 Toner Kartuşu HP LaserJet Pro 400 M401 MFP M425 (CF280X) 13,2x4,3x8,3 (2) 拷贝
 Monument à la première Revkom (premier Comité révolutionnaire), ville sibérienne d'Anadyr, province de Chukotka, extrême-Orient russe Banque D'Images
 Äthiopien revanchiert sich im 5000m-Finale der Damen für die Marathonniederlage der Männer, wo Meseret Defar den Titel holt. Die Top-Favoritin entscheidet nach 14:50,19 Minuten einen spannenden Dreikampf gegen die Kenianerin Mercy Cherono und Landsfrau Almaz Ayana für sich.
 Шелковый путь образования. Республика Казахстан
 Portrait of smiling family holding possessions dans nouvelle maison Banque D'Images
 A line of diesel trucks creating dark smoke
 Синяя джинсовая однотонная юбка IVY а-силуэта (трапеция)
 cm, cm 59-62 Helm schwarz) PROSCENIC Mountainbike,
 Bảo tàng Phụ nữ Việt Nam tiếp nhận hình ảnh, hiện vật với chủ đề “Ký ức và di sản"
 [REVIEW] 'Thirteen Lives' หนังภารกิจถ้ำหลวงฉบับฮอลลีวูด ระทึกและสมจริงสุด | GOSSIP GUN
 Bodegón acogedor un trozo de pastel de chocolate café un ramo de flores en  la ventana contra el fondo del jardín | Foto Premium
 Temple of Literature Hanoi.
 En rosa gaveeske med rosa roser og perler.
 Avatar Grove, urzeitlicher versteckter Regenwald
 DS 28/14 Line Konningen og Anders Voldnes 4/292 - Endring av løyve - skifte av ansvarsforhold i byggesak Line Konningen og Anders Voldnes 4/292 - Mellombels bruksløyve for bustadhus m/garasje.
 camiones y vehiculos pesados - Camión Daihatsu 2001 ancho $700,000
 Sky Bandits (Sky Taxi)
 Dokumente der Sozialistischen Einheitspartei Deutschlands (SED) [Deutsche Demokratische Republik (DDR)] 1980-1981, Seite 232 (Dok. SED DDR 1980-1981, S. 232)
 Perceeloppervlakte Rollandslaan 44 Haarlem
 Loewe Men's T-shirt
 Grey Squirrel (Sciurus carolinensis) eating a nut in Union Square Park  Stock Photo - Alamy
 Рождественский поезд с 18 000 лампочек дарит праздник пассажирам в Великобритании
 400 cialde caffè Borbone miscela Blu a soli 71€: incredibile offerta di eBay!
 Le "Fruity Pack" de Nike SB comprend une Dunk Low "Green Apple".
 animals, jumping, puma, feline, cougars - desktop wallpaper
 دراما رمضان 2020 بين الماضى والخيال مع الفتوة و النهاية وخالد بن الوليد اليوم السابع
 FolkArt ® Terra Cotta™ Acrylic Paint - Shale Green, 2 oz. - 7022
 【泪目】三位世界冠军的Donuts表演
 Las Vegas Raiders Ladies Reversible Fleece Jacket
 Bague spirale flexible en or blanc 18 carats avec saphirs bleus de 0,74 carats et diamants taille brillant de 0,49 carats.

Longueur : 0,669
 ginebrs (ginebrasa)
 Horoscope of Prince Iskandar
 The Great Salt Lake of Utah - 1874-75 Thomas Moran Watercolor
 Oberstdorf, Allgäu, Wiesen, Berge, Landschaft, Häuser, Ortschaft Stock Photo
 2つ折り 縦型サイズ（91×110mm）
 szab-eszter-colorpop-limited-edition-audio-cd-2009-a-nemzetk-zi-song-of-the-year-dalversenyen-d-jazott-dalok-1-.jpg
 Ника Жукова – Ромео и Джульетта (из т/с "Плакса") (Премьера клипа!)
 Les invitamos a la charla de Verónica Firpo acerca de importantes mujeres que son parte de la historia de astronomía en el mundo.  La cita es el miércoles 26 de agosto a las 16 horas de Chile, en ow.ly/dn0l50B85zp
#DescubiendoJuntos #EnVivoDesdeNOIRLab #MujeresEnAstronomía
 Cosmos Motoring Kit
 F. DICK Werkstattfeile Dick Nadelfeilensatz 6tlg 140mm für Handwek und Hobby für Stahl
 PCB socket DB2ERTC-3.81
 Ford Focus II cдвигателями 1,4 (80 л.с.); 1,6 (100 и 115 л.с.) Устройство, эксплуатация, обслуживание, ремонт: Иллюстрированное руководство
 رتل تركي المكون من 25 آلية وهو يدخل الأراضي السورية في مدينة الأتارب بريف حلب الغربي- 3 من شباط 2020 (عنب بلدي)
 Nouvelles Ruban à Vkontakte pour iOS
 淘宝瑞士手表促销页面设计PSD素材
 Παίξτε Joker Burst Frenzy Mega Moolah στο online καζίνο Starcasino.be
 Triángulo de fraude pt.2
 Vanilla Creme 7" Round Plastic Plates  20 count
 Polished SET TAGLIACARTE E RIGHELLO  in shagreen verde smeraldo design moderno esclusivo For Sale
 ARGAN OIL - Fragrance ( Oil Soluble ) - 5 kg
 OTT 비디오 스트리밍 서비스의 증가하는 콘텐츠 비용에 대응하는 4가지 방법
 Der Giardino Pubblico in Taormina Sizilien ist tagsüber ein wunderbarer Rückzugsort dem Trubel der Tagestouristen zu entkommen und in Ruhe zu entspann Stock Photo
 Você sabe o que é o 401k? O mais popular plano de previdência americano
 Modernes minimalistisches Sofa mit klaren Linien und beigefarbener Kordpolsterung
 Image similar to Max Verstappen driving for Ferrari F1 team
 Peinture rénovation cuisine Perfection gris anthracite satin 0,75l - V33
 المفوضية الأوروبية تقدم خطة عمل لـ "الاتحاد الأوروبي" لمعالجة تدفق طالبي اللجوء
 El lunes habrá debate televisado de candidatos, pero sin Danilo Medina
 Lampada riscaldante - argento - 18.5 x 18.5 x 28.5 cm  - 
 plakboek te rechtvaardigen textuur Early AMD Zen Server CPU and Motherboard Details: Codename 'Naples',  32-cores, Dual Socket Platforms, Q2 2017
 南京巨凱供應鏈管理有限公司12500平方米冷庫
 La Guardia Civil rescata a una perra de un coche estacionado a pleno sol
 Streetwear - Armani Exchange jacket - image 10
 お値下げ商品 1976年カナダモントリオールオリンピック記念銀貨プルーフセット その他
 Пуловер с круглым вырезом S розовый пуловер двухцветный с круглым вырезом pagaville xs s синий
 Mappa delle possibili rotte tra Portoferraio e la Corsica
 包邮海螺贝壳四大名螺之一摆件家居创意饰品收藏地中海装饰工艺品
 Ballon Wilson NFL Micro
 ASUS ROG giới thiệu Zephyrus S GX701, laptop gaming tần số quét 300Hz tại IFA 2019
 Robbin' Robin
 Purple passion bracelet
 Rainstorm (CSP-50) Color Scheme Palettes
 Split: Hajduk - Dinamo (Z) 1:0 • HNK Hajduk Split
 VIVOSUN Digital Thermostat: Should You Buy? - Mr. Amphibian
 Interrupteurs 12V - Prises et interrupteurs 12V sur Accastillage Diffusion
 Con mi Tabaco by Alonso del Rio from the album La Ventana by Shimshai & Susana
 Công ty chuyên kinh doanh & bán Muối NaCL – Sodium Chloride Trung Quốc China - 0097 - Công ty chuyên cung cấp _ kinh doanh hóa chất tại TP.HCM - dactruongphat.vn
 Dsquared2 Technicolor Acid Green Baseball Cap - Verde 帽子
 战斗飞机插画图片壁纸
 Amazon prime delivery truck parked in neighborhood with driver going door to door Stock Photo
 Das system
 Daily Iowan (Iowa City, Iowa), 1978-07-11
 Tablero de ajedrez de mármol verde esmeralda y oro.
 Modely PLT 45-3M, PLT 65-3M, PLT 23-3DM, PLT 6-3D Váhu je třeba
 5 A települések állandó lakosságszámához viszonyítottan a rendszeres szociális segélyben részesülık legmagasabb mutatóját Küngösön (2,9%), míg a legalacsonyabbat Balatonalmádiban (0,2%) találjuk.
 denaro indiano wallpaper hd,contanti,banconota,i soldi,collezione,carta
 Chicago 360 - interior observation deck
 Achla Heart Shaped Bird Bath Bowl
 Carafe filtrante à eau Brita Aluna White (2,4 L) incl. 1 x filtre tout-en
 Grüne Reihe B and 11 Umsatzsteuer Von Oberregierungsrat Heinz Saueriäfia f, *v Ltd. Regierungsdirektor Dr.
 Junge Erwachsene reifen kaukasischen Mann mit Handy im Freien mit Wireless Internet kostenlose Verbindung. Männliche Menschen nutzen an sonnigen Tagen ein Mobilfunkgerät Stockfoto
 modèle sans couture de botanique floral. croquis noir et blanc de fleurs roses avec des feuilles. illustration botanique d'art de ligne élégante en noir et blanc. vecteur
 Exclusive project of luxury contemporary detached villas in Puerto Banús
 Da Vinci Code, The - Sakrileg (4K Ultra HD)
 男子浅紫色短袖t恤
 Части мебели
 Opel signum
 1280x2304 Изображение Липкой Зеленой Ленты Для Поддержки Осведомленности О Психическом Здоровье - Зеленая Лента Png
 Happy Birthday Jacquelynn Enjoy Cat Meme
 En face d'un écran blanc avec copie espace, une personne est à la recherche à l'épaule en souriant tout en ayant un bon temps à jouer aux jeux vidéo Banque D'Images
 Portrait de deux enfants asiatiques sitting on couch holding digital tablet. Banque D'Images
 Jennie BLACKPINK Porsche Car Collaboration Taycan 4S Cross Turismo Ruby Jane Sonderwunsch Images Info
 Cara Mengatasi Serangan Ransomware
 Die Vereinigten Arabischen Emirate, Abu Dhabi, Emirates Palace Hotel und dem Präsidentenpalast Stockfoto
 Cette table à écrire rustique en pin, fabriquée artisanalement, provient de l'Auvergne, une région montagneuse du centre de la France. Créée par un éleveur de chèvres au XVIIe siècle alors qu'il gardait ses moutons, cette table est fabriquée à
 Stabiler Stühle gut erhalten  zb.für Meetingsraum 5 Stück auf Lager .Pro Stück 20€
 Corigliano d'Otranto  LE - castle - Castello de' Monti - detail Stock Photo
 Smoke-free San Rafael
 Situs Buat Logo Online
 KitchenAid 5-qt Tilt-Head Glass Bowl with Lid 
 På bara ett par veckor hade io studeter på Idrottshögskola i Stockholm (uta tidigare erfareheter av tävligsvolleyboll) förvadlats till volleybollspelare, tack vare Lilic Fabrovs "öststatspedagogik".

──────

EXERCISE DIRECTIONS: Output exactly one stretch of the listing: from the line containing "Image similar to" through the line containing "5 A települések", both end lines included.

EXPECTED ANSWER:
 Image similar to Max Verstappen driving for Ferrari F1 team
 Peinture rénovation cuisine Perfection gris anthracite satin 0,75l - V33
 المفوضية الأوروبية تقدم خطة عمل لـ "الاتحاد الأوروبي" لمعالجة تدفق طالبي اللجوء
 El lunes habrá debate televisado de candidatos, pero sin Danilo Medina
 Lampada riscaldante - argento - 18.5 x 18.5 x 28.5 cm  - 
 plakboek te rechtvaardigen textuur Early AMD Zen Server CPU and Motherboard Details: Codename 'Naples',  32-cores, Dual Socket Platforms, Q2 2017
 南京巨凱供應鏈管理有限公司12500平方米冷庫
 La Guardia Civil rescata a una perra de un coche estacionado a pleno sol
 Streetwear - Armani Exchange jacket - image 10
 お値下げ商品 1976年カナダモントリオールオリンピック記念銀貨プルーフセット その他
 Пуловер с круглым вырезом S розовый пуловер двухцветный с круглым вырезом pagaville xs s синий
 Mappa delle possibili rotte tra Portoferraio e la Corsica
 包邮海螺贝壳四大名螺之一摆件家居创意饰品收藏地中海装饰工艺品
 Ballon Wilson NFL Micro
 ASUS ROG giới thiệu Zephyrus S GX701, laptop gaming tần số quét 300Hz tại IFA 2019
 Robbin' Robin
 Purple passion bracelet
 Rainstorm (CSP-50) Color Scheme Palettes
 Split: Hajduk - Dinamo (Z) 1:0 • HNK Hajduk Split
 VIVOSUN Digital Thermostat: Should You Buy? - Mr. Amphibian
 Interrupteurs 12V - Prises et interrupteurs 12V sur Accastillage Diffusion
 Con mi Tabaco by Alonso del Rio from the album La Ventana by Shimshai & Susana
 Công ty chuyên kinh doanh & bán Muối NaCL – Sodium Chloride Trung Quốc China - 0097 - Công ty chuyên cung cấp _ kinh doanh hóa chất tại TP.HCM - dactruongphat.vn
 Dsquared2 Technicolor Acid Green Baseball Cap - Verde 帽子
 战斗飞机插画图片壁纸
 Amazon prime delivery truck parked in neighborhood with driver going door to door Stock Photo
 Das system
 Daily Iowan (Iowa City, Iowa), 1978-07-11
 Tablero de ajedrez de mármol verde esmeralda y oro.
 Modely PLT 45-3M, PLT 65-3M, PLT 23-3DM, PLT 6-3D Váhu je třeba
 5 A települések állandó lakosságszámához viszonyítottan a rendszeres szociális segélyben részesülık legmagasabb mutatóját Küngösön (2,9%), míg a legalacsonyabbat Balatonalmádiban (0,2%) találjuk.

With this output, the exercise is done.